Jun 25, 2004 20:12
I don't have enough time to do this justice, but I'm sitting in a the "Business Center" of my hotel here in this metropolis built on an archipelago, wondering what to say... perhaps I'll just summarize and ramble about my trip since I don't have to be at dinner for 16 minutes. Somewhere upstairs Lars is quixotically pondering where I am and my mom and sister are probably laughing at him. Onwards.
My 15 hour flight here on Monday was due to leave at 11:55 pm, some 5 minutes before the arrival of two things assorted members of my family have been eagerly awaiting: the new Wilco album (myself) and Bill Clinton's autobiography (my, dare I say left-leaning mother). Inside an anonymous airport store that sells a variety of LA kitsch, candy, and plenty of annoyingly glossy magazines were some plastic cases rubberbanded shut marked "My Life Do Not Sell until 6/22/04" My mom eyes this, coveting what's inside, and I step away, fearing the glint in her eye does indeed represent her desire to rip the damn thing open and steal a copy. Which she unceremoniously does, and walks nonchalantly down the terminal and onto the plain. Lars shakes his head in a way that adjectives fail to describe (those of you who know him will know what I mean) and we're off.

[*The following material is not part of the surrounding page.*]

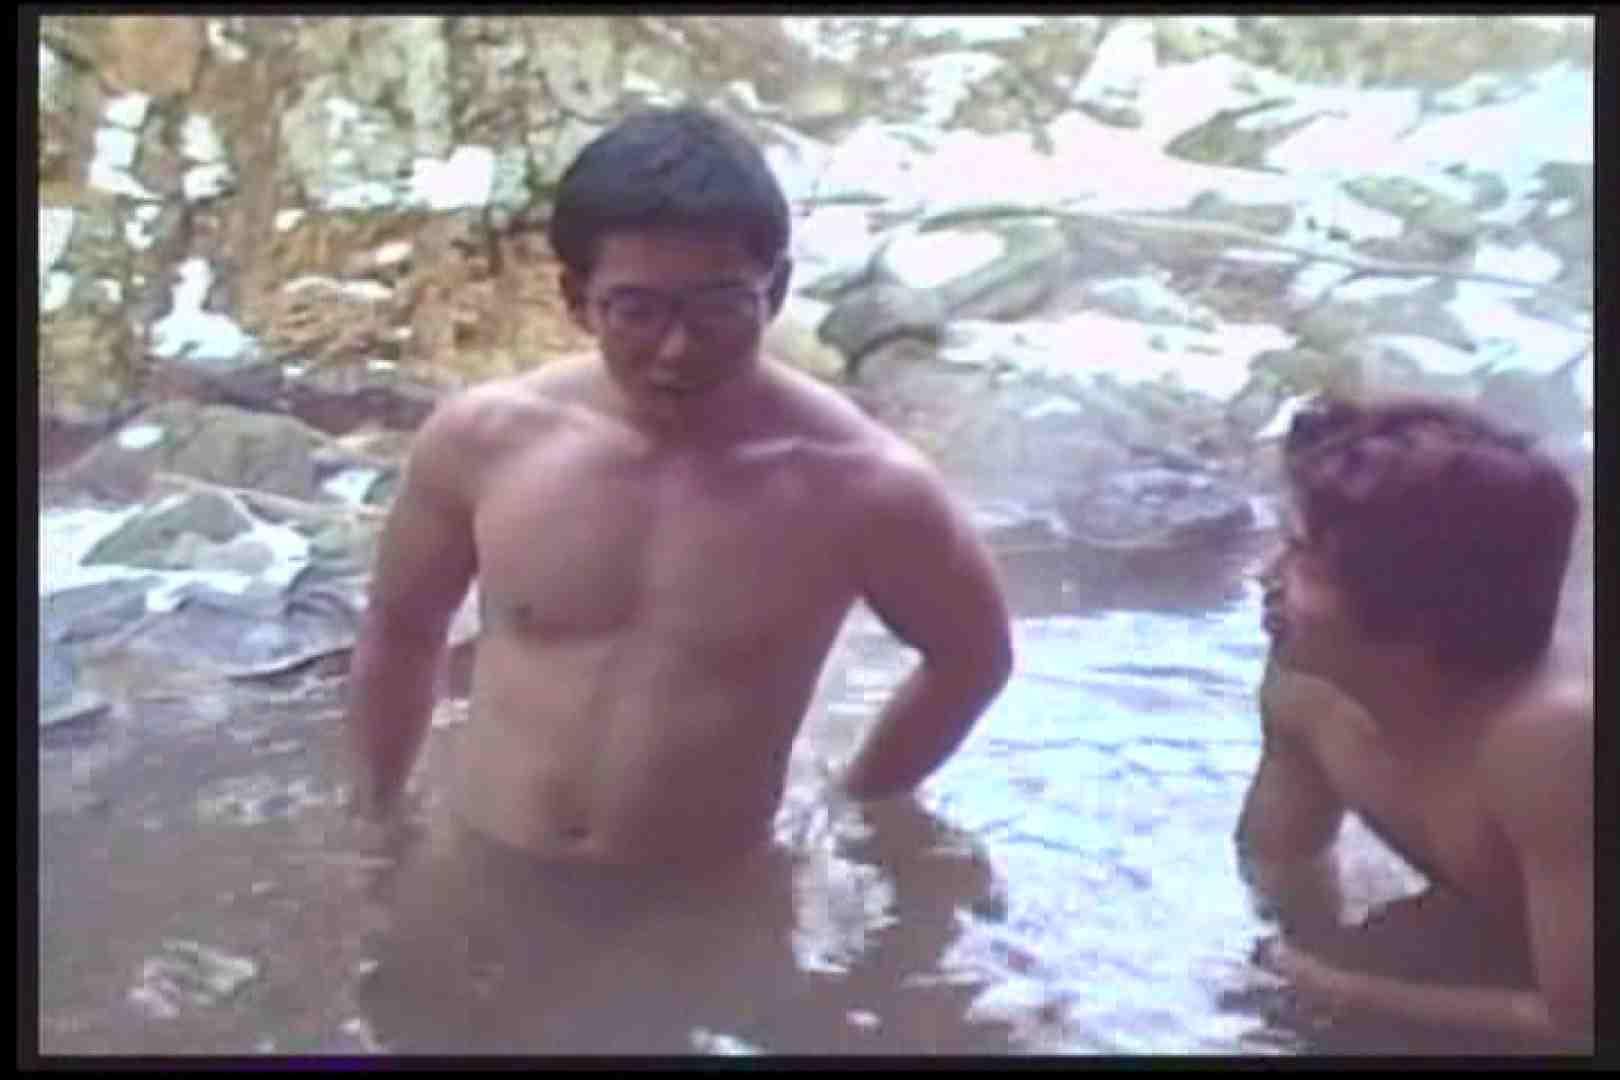 若人は元気!新歓合宿にておふざけ特集VOL.01 入浴・シャワーシーン ゲイフリーエロ画像 98枚 80

We arrive on Wednesday morning in Hong Kong in an enormous, empty airport at 6 am which my thevious mother notes was "the most massive public spending effort ever" and somewhere there's a documentary on the subject of who it was built on hydralic jacks and the like. "Better not tell Lars," she says. Later we went up this rickety, Angel's Flight-like railway to the highest peak on HK island - this city is all skyscrapers and mountains - and LArs insisted we go on a hike up to the top and around. He later found a stream he liked very much, "look at this stream guys. Don't you love the babbling sound?" I could kill myself; it is 90 degrees, humid as a sauna and pouring. Then we went through this market which instantly brings Blade runner to mind and bought some fruit and a watch with Mao. The second hand is his arm waving to the masses. Also, the fruit we later discovered to be smelly, as Lars walked into our room and asked "what's that musty smell?" donning a dumbfounded expression. I told him it was my vagina. For dinner we went to some restaurant which immeadiately brought a mix of Dr. Zhivago and a variety of Cirque de Soliel shows to mind and mom (drunkenly) and I (not drunkenly) discussed selling Lucy into the porn industry. I'm late... I'll mention the rest later from Thailand.